The problem: The listing below should be reproduced exactly, with the pictures omitted.

Input data:
┌────────

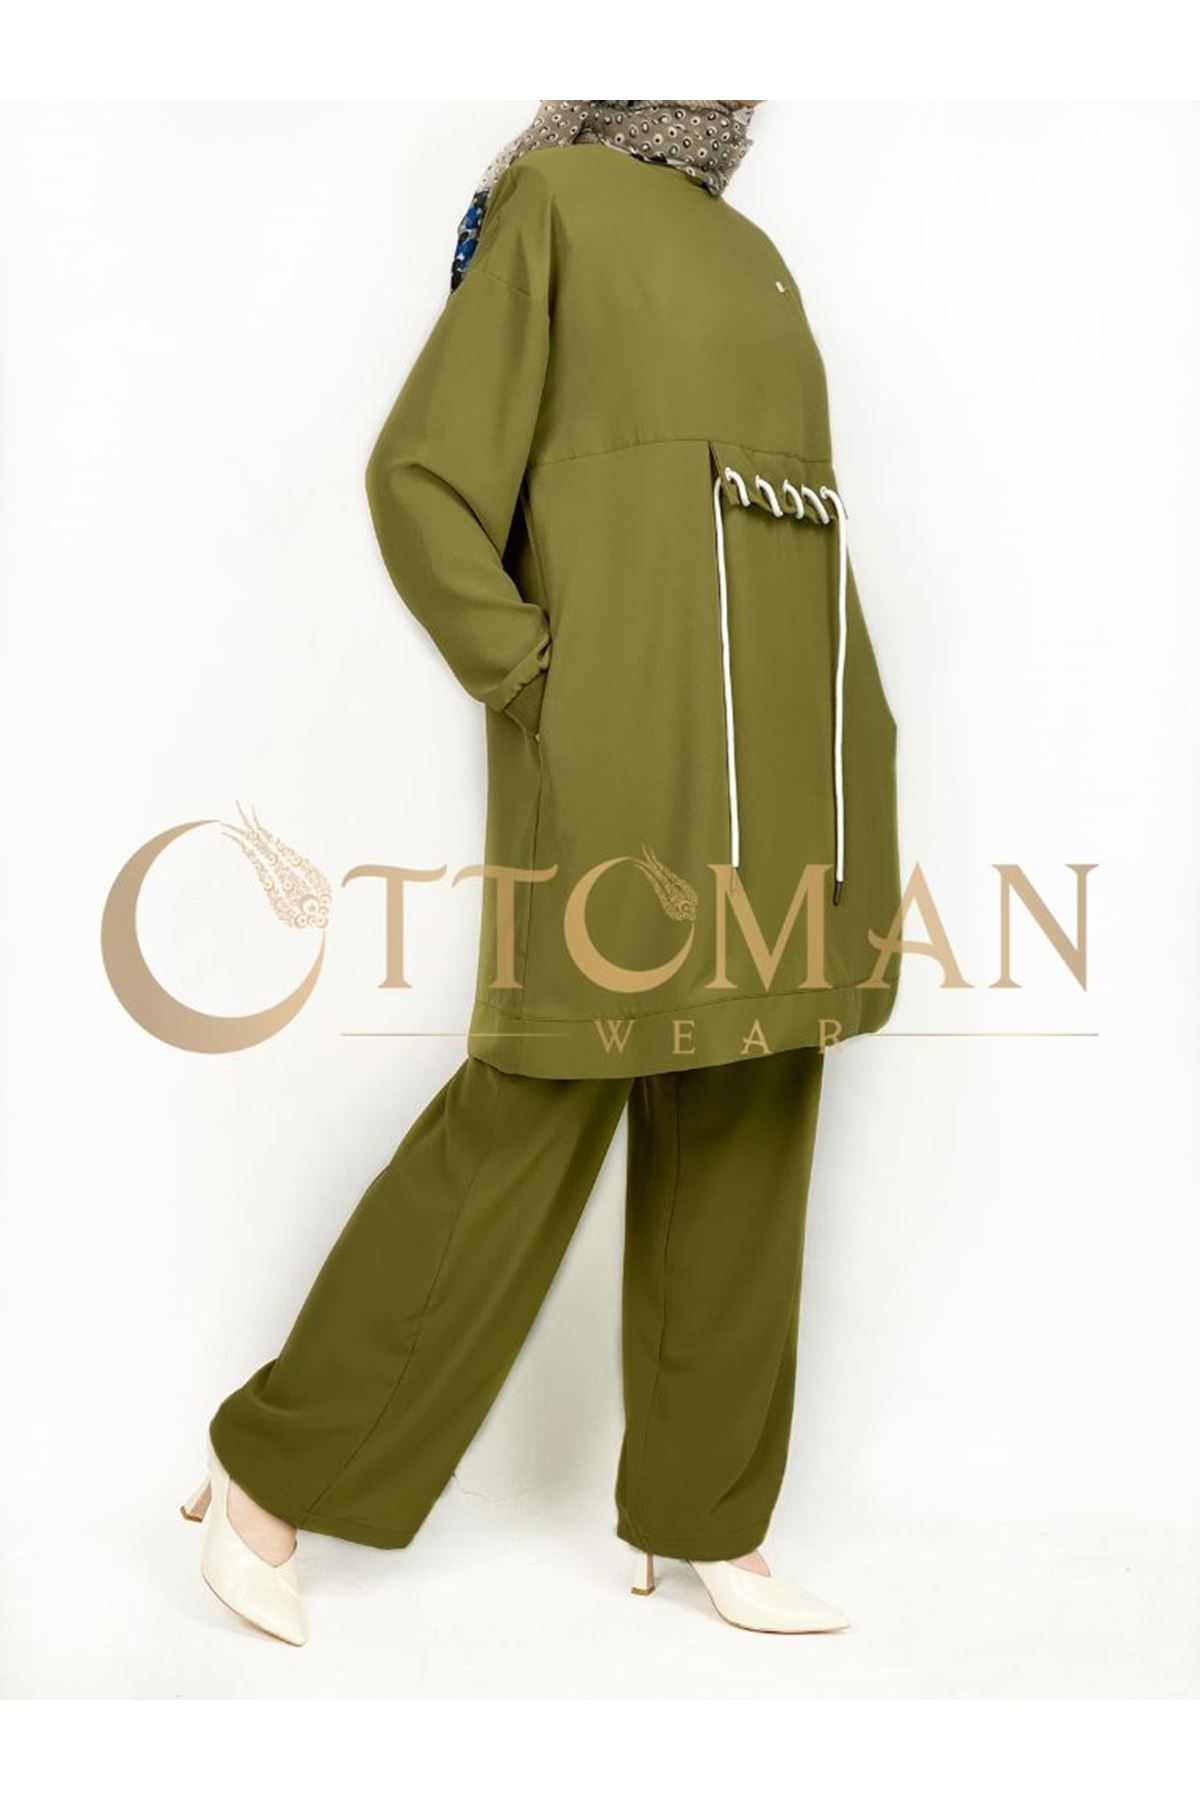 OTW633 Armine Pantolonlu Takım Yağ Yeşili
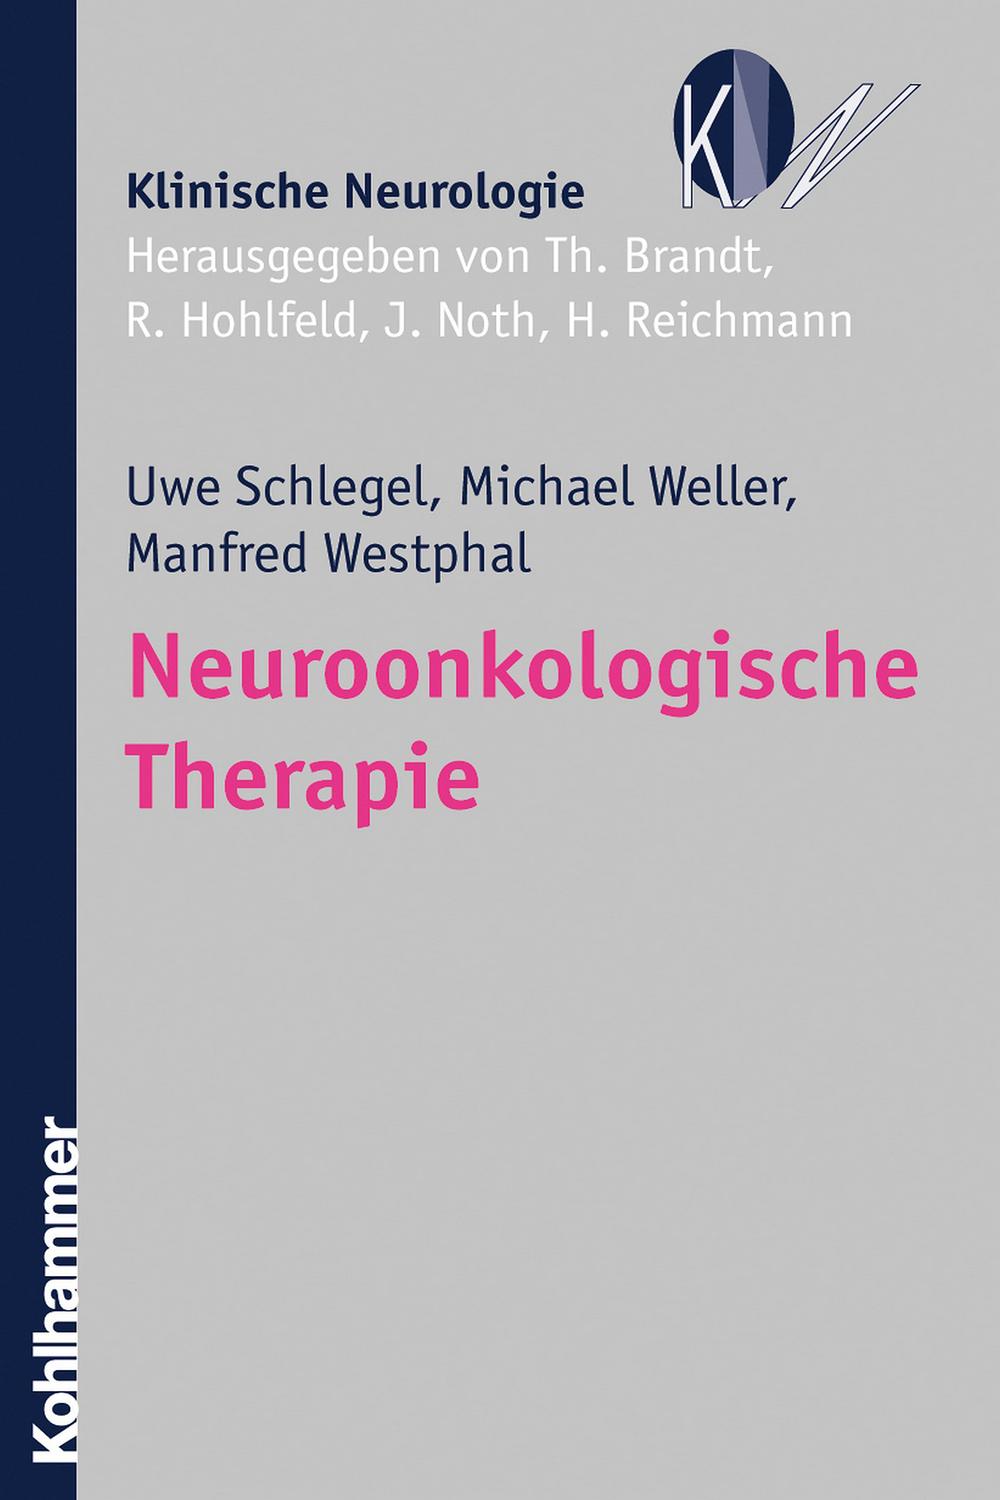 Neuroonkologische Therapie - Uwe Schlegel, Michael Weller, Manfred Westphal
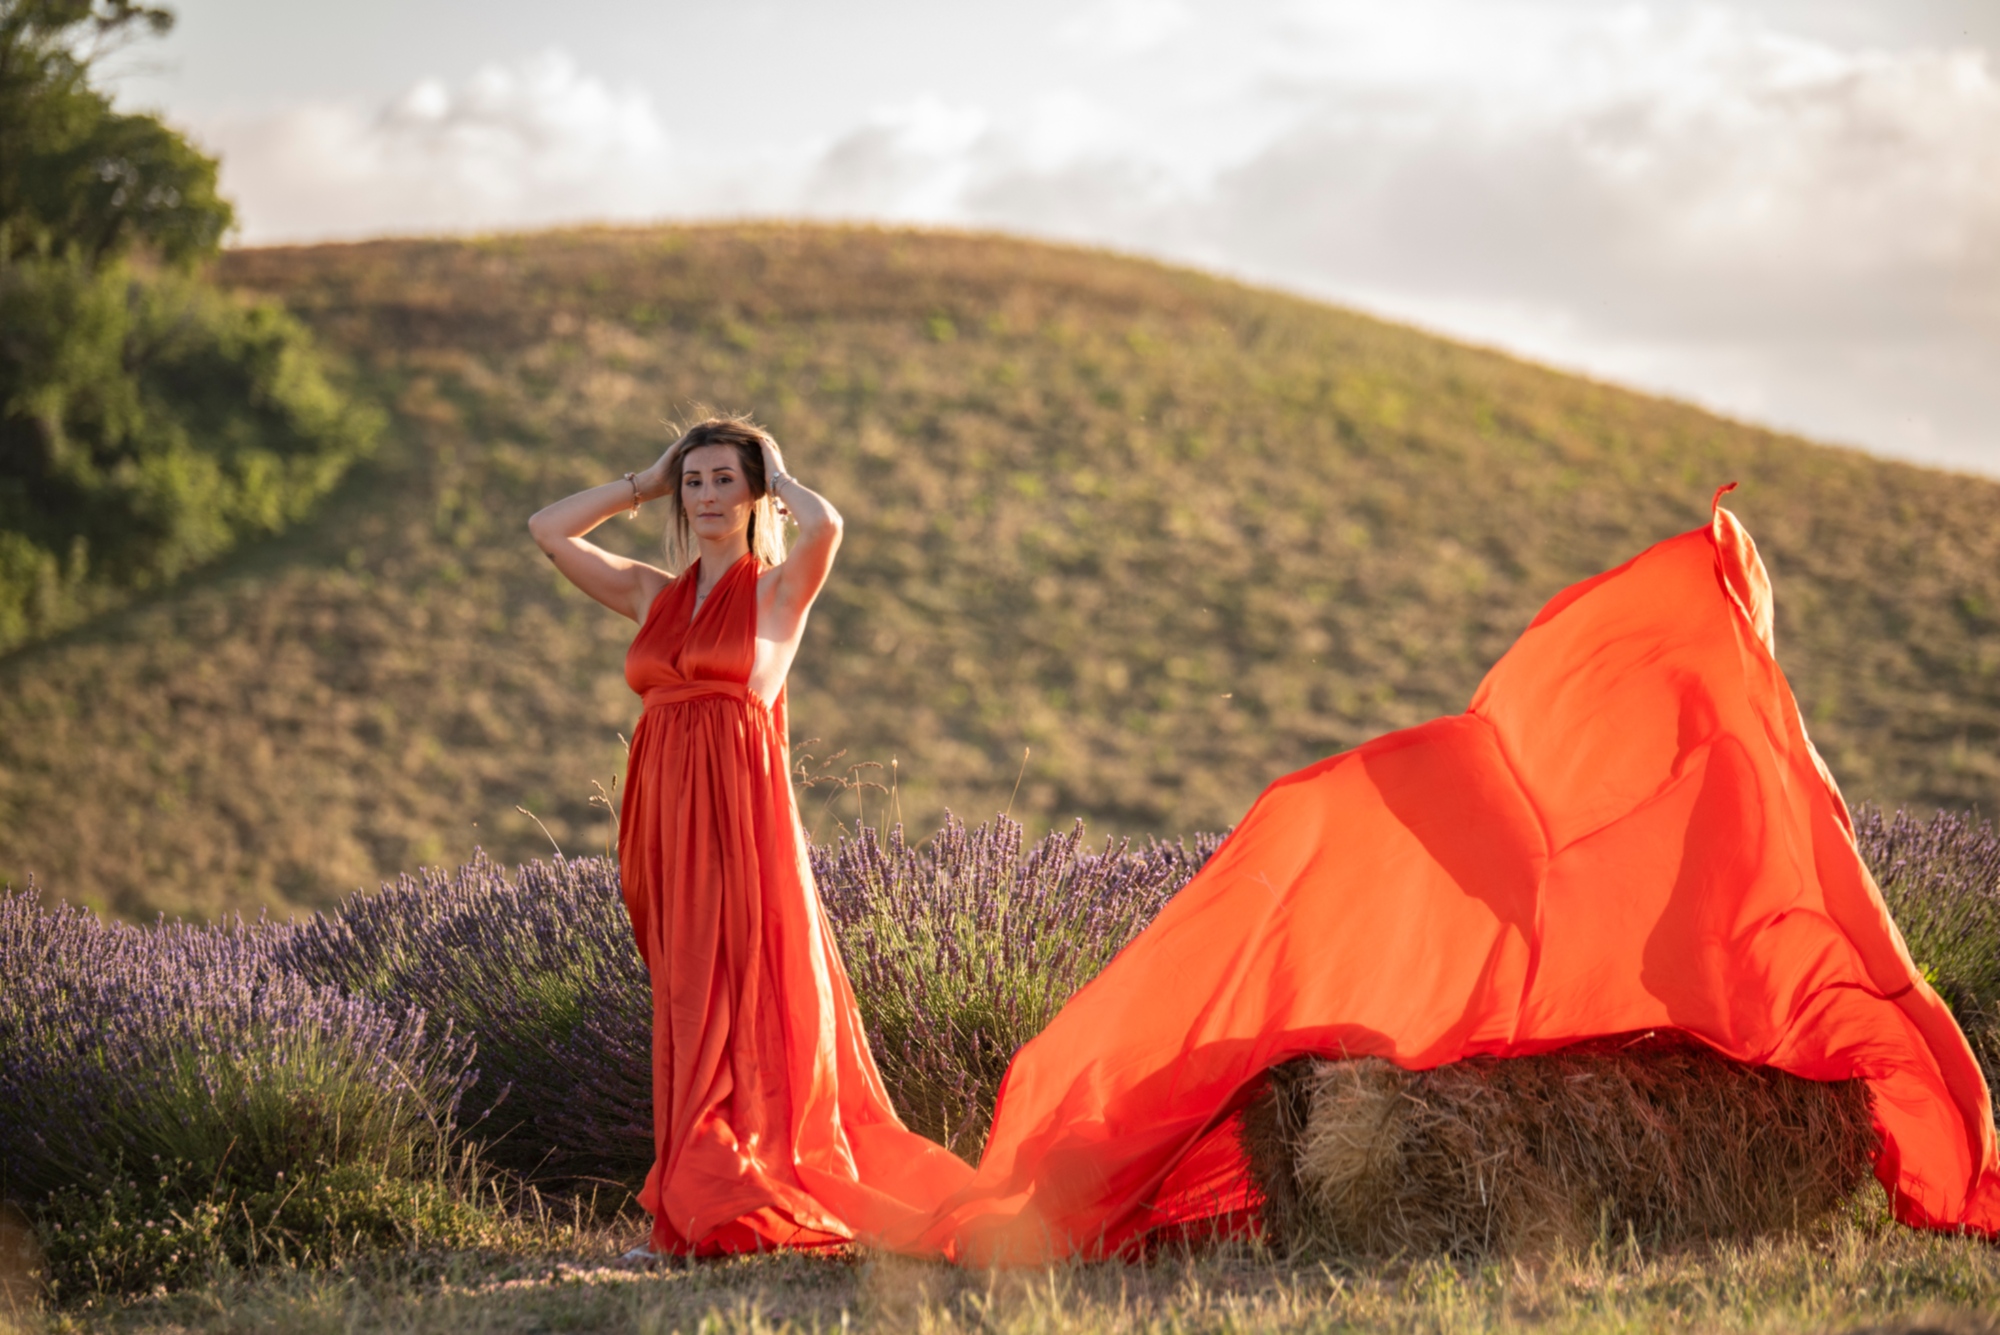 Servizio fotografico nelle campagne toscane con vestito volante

└────────

Written solution:
 OTW633 Armine Pantolonlu Takım Yağ Yeşili
 Neuroonkologische Therapie - Uwe Schlegel, Michael Weller, Manfred Westphal
 Servizio fotografico nelle campagne toscane con vestito volante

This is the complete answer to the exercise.